US split on future relations with China

By Robert A. Manning Source:Global Times Published: 2016-5-8 19:48:01

Illustration: Liu Rui/GT



As China has increasingly revealed its growing economic, diplomatic, and military strength in the period since the 2008-09 global financial crisis, the US consensus on China policy has eroded, sparking debate about future policy.

Even as the Obama administration rolled out its "rebalance" in 2011 to demonstrate the importance it attached to the Asia-Pacific, some of the core assumptions that have guided US policy under eight US presidents, from Nixon to Obama, have been called into question.

The first is that China reformed and modernized its economy post-1979, its GDP skyrocketed from $200 million in 1980 to $10.3 trillion in 2014. US policy has assumed that as China prospered and a middle class grew, political reform, if not democratization, would follow.

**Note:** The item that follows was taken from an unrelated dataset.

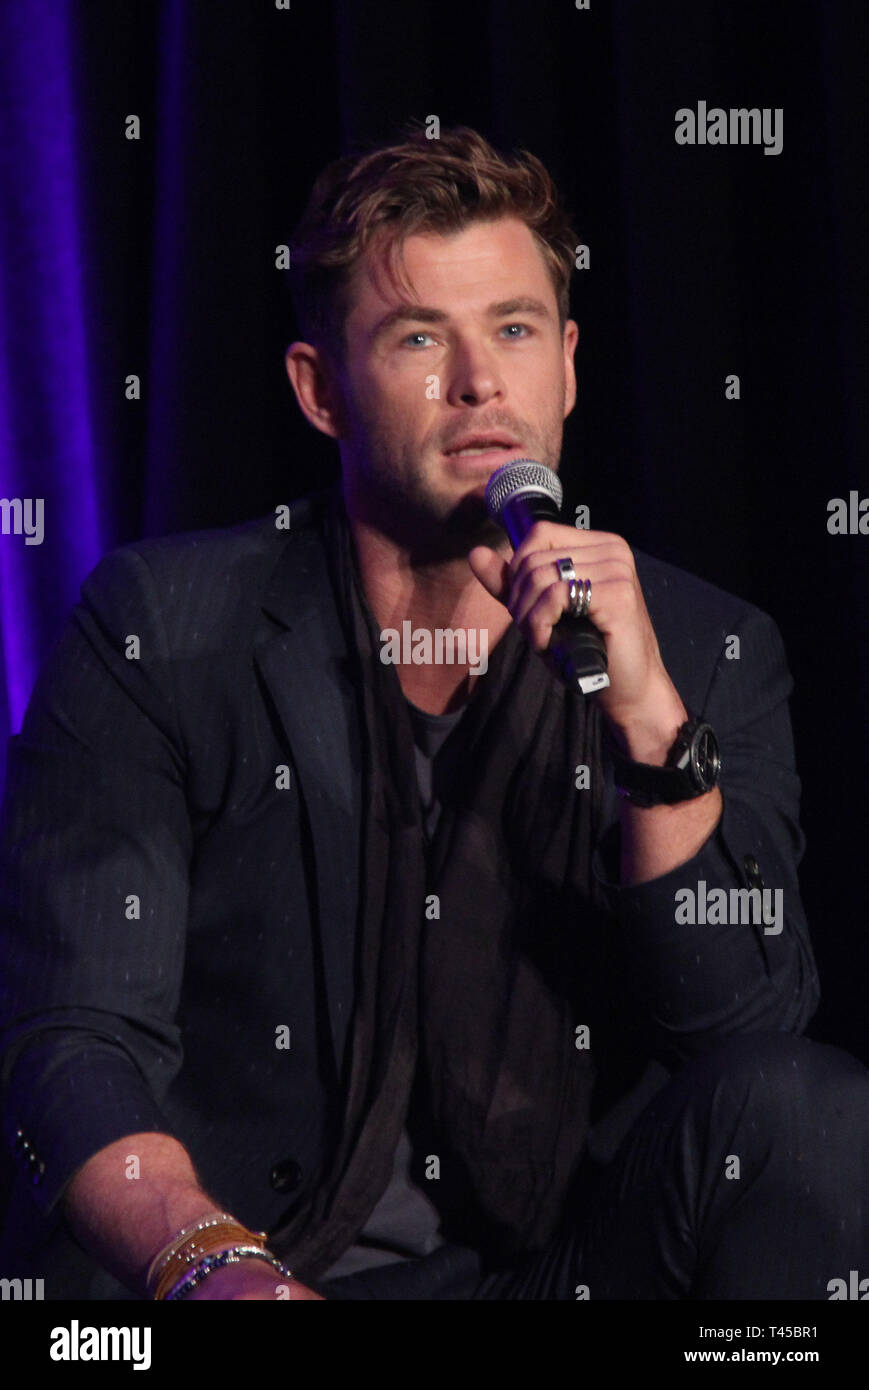 Chris Hemsworth  04/07/2018 "Avengers: Endgame" Press Conference held at The InterContinental Los Angeles Downtown in Los Angeles, CA   Photo: Cronos/Hollywood News Stock Photo

The second assumption has been that as it integrated itself into the globalized economic and political system, China, which has been a major beneficiary of the US-led system, would see its interests best served by being a "responsible stakeholder" in that system.

A growing chorus of US voices argue that the current US-China relationship, one of cooperating where possible and managing differences, needs rethinking. Some in the US, like Pacific Command Commander Admiral Harry Harris, argue that China seeks a hegemonic role in the Asia-Pacific. They recognize the complexities of the relationship but see China as more of a threat than a partner, one seeking alternatives to the open, rules-based international order.

Those in this camp call for containing China, strengthening US military capabilities in the Pacific as well as alliances and security partners, countering Beijing in the South and East China Seas, and denying technology exports. Some also advocate isolating China from regional trade agreements like the Trans-Pacific Partnership (TPP).

A variation of containment seeks to press China on human rights and democracy with the hope of creating a "color revolution." This logic is that a Western-style democracy would make China just like us. But in truth, regardless of its political system, nationalism would persist and China would still be a rising great power.

This approach is dubious on several levels. Unlike the Soviet Union, China is integral to a globalized economy, an integrated regional economy and the largest trade and investment partner of every US ally. How can it be isolated? The toothpaste is out of the tube. Beijing holds $1.3 trillion in US Treasury bonds, helping fund the US budget deficit.

It was a naive assumption to think that a rising great power like China would simply accept rules it had no say in making and not want a larger voice in shaping global institutions.

Another flaw in a containment strategy is the notion that US allies and partners in the region will align with the US in a confrontation with China. All actors are hedging against uncertainty, including the US and China. The US pivot is aimed at counter-balancing China, and is desired by US allies and partners in the region. But everyone's worst nightmare in Asia is having to choose between the US and China. Doubts about US reliability persist, but all know that geography will not change.

But there are also those who argue that rising Chinese influence is inevitable and that the US and China need to find a mutual accommodation. They support the US effort to counter-balance China, but argue that global and regional stability compel the US and China to cooperate where interests overlap - the global economy, climate change, terrorism, nuclear security, etc.

Some envision a variation of current policy, cooperating broadly, combined with a process of managing and narrowing differences. Others argue that an evolving Sino-US relationship will struggle to find a balance of interests, as Deng Xiaoping put it, "crossing the river by feeling for stones."

The US-China debate is part of a larger psychological and political challenge to US pre-eminence resulting from a polycentric world. The US has a hard time operating in a world where it is first among equals, and many are nostalgic for a unipolar world which is no longer possible.

Despite all the noise of the current US debate, I suspect the basic relationship between the world's two largest economies, both nuclear weapons states, need to find an acceptable balance of interests.

One aspect of this is developing a framework for strategic stability in regard to nuclear, missile, and global commons (like cyberspace and outer-space) issues. The US has enduring, long-term strategic interests in East Asia, yet the region is also China's backyard. Both need to answer the question: what Chinese role in the Asia-Pacific is acceptable to the US; and what US role is acceptable to China?

The degree to which the Sino-US relationship stays on a path that is more cooperative than competitive, whether the "Thucydides trap" can be avoided, is likely to rest on how three key unsettled issues - Taiwan, the Korea question, and the South China Sea disputes - are resolved.

At the end of the day, China policy is really part of a larger challenge facing the US: how to accommodate US interests to a transforming world in an increasingly polycentric system where power is diffused.  For China, US policy is a challenge of how to define itself as a great power.

The author is a senior fellow of the Brent Scowcroft Center for International Security at the Atlantic Council and its Strategic Foresight Initiative.